My self I would put a tube in the tire and then fill with calcium sulution. If you go on the manuals section of the forum type in Ford 3400 and open the owners manual you will find a tire chart for loading tires it will tell you how much calcium to water and how many gallons per size tire. Your tire might not be in there but will give you a good idea. Tires should be filled at 75% and do not put water in calcium, put calcium in water because of chemical reaction. It makes a lot of heat. I load tires with a 45 galon drum and a compressor. Takes time because I have to fill and then drain off air repeatedly but it works for me. Not sure but the alcohol in the washer fluid might dry and crack rubber. 
Good luck


----------



## jmgtp (Aug 8, 2016)

Thank you for the responses.

In an effort to keep costs low (this machine is more of a side project/hobby than a necessity) I'm shying away from the cost of tubes. I wasn't aware of the liquid fill tool to purge air but found one for about $10, looks like it should allow me to add fluid without disturbing the tire beads. 

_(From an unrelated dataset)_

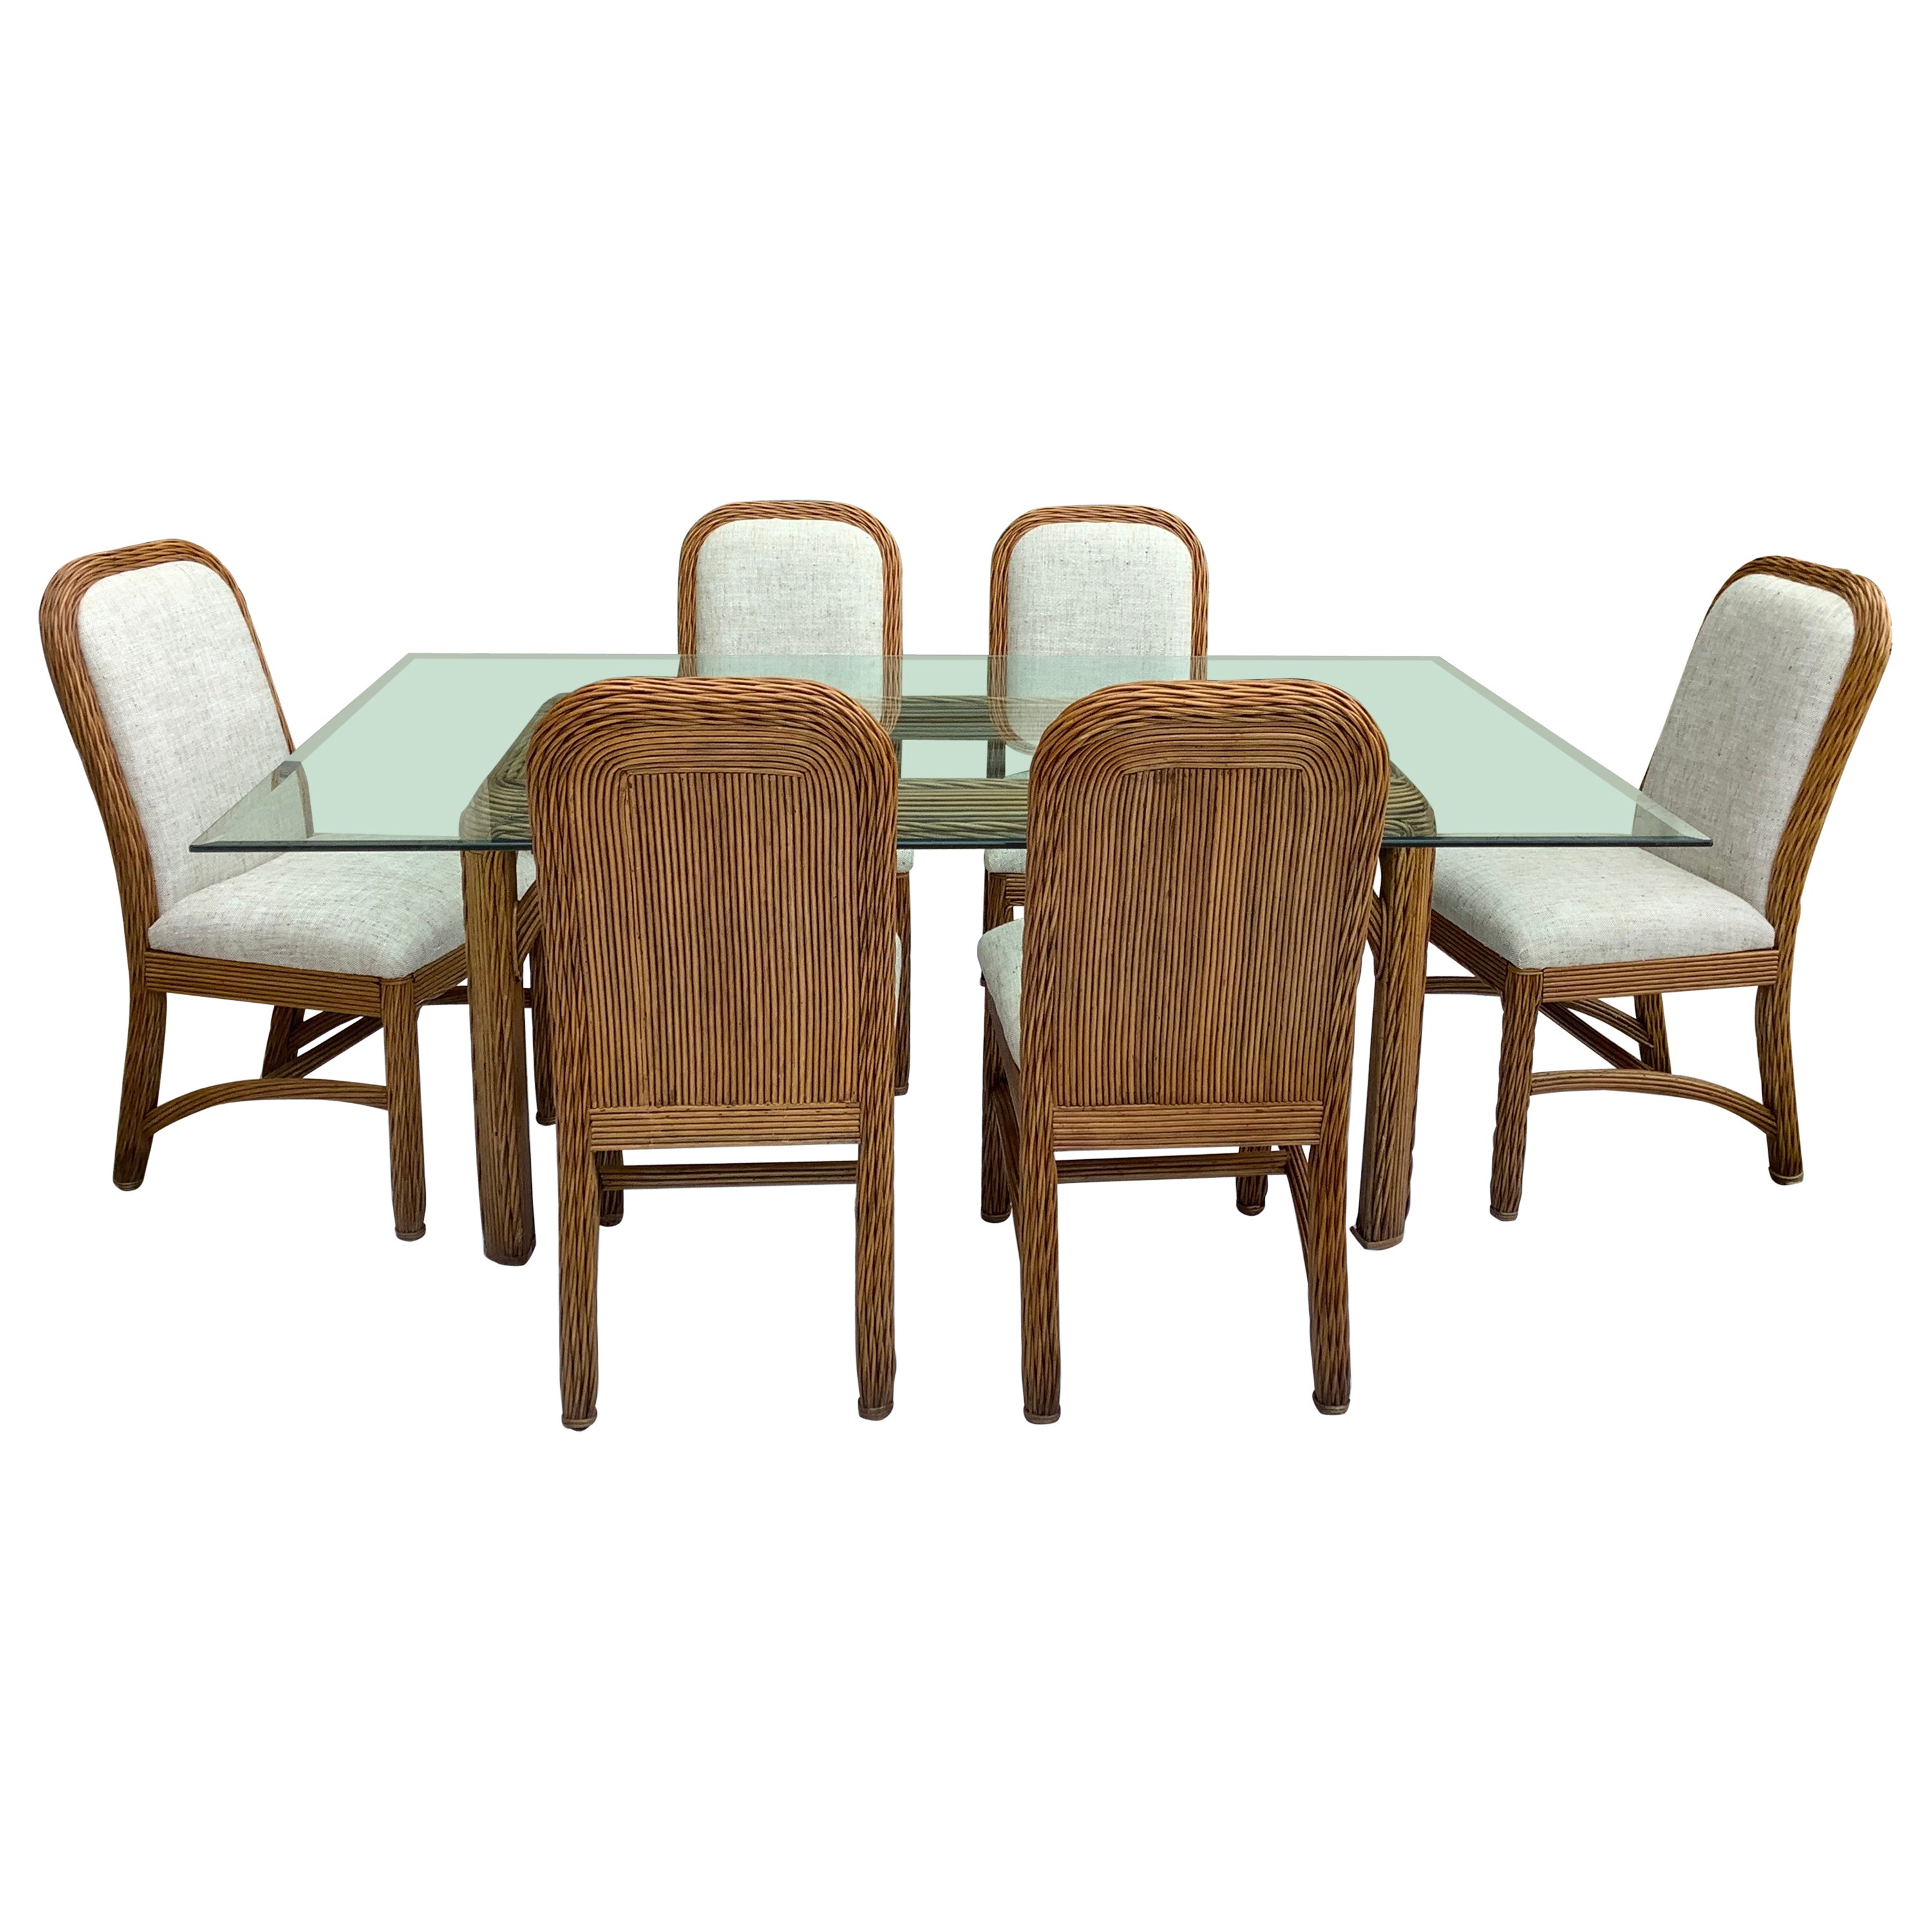 Woven Reed Dining Table w/ 8 Chairs, Crespi Style For Sale

I'm planning on using windshield wash fluid since it's cheap, good to -10f, won't cause rust and won't kill critters if it springs a leak. I know it doesn't add as much weight as CC. From a chart I found online it looks like I can add close to 6 gallons per rear tire for roughly 100 lbs total added to the machine. Not sure if that will make enough difference but it can only help.


----------



## Thomas (Nov 1, 2006)

Tube and beet juice for liquid.


----------



## jhngardner367 (Apr 5, 2011)

I have the rear tires loaded,on my 1050,and it does make a difference,but I'd rather have the ag tires,than the turf tires I have ,now.
I got 2 rims,that are a bit narrower,so , if I can find a pair of ags,at a decent price, I'll switch them.
I'm not worried about the lawn,because it's tough grass,here !


----------